Bisnis.com, JAKARTA – Pemerintahan Presiden Donald Trump belum akan langsung memberlakukan tarif impor baru sebesar 10% terhadap negara-negara anggota BRICS, namun siap melakukannya jika negara-negara tersebut mengambil kebijakan yang dinilai "anti-Amerika".
Trump sebelumnya menyatakan bahwa AS akan mengenakan tarif tambahan kepada negara mana pun yang berpihak pada kebijakan yang disebutnya sebagai “anti-Amerika” yang diusung oleh BRICS.
Pernyataan tersebut memicu bantahan keras dari para anggota BRICS, yang menegaskan bahwa mereka tidak bersikap bermusuhan terhadap Washington.
“Garis sudah ditarik. Jika ada keputusan kebijakan yang dinilai anti-Amerika, maka tarif akan diberlakukan,” demikian menurut sumber Gedung Putih yang mengetahui rencana ini, seperti dilansir Reuters, Selasa (8/7/2025).
Menurut sumber yang tidak ingin disebutkan namanya tersebut, hingga saat ini belum ada perintah eksekutif yang diterbitkan oleh Gedung Putih terkait tarif tambahan tersebut.
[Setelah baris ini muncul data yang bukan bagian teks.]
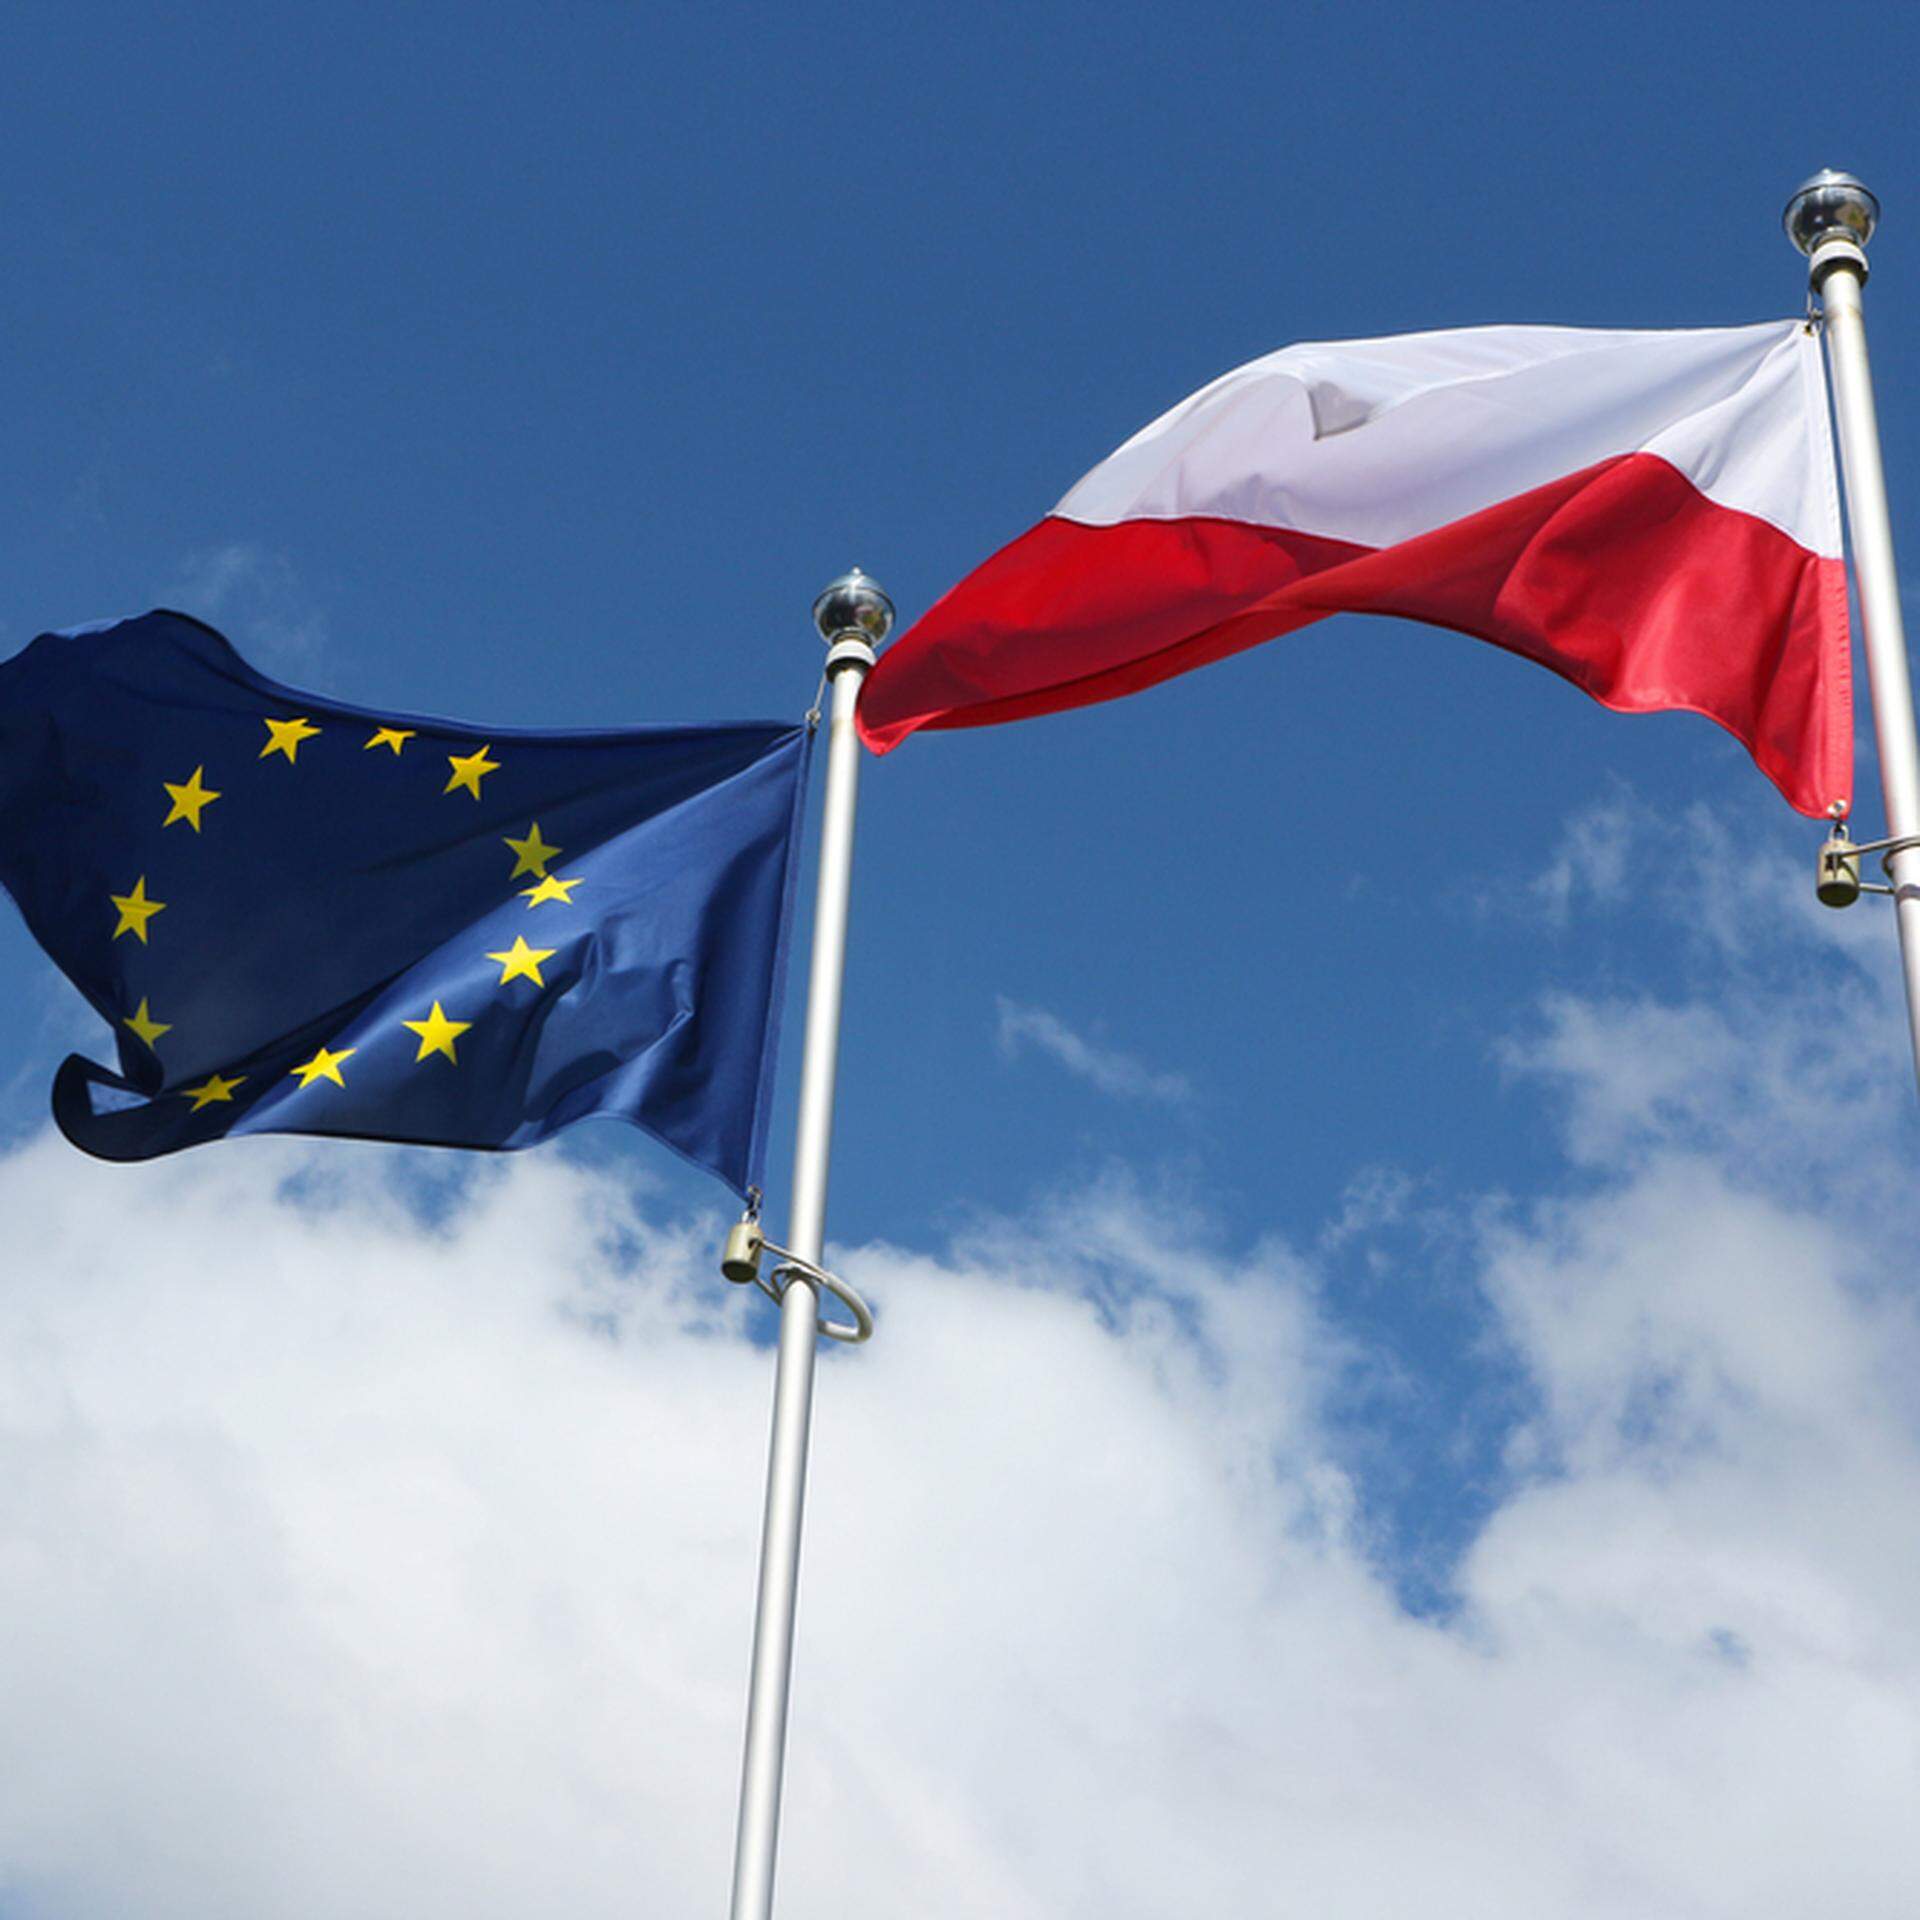 Poland flag and European Union flag on a background of blue sky with clouds

Pernyataan Trump itu disampaikan melalui media sosial Truth Social miliknya, saat India, Indonesia, dan negara-negara BRICS lainnya tengah berlomba menyelesaikan perundingan perdagangan dengan Washington menjelang tenggat 9 Juli—tanggal yang sebelumnya dijadwalkan sebagai awal pemberlakuan tarif baru. Penerapannya kini diundur hingga 1 Agustus.
Baca Juga
Menurut sejumlah pakar perdagangan, ancaman tarif ini dimaksudkan untuk mempertahankan tekanan terhadap negara-negara yang ingin menghindari lonjakan tarif yang diumumkan Trump pada April lalu. Sebagian besar anggota BRICS sangat bergantung pada perdagangan dengan AS.
Hanya beberapa jam sebelum pernyataan Trump, para pemimpin BRICS mengeluarkan pernyataan bersama sepanjang 31 halaman yang berisi kecaman terhadap serangan Israel ke Gaza dan Iran, desakan reformasi lembaga global, serta peringatan bahwa tarif sepihak dapat merusak sistem perdagangan dunia.
Kelompok BRICS dibentuk pada 2009 dan terdiri dari Brasil, Rusia, India, dan China, dengan Afrika Selatan bergabung belakangan. Tahun lalu, keanggotaan diperluas dengan masuknya Mesir, Ethiopia, Indonesia, Iran, dan Uni Emirat Arab. Arab Saudi juga telah diterima sebagai anggota, meski saat ini masih berstatus mitra.
Negara mitra lainnya termasuk Bolivia, Nigeria, Kuba, Kazakhstan, Malaysia, Thailand, Vietnam, dan Uganda.
Trump diketahui memiliki hubungan erat dengan sejumlah pemimpin negara tersebut, termasuk Arab Saudi dan UEA. Ia juga terus menggembar-gemborkan prospek kesepakatan dagang dengan India. Pemerintahannya bahkan baru saja merampungkan kerangka perjanjian dagang dengan Vietnam dan sedang menjajaki perjanjian serupa dengan Thailand.
Masih belum jelas apakah ancaman tarif ini akan mengganggu jalannya negosiasi dengan India, Indonesia, dan negara-negara BRICS lainnya.
Afrika Selatan, dalam pernyataannya, menolak dikategorikan sebagai negara “anti-Amerika” dan menegaskan bahwa dialog dengan pemerintah AS tetap berjalan dalam suasana konstruktif.
Sementara itu, Indonesia yang tengah berusaha menghindari tarif sebesar 32% dijadwalkan akan menandatangani kesepakatan senilai US$34 miliar dengan mitra AS pekan ini.
RI juga telah menawarkan pemotongan tarif atas sejumlah produk impor dari AS hingga mendekati nol, serta komitmen pembelian gandum AS senilai US$500 juta.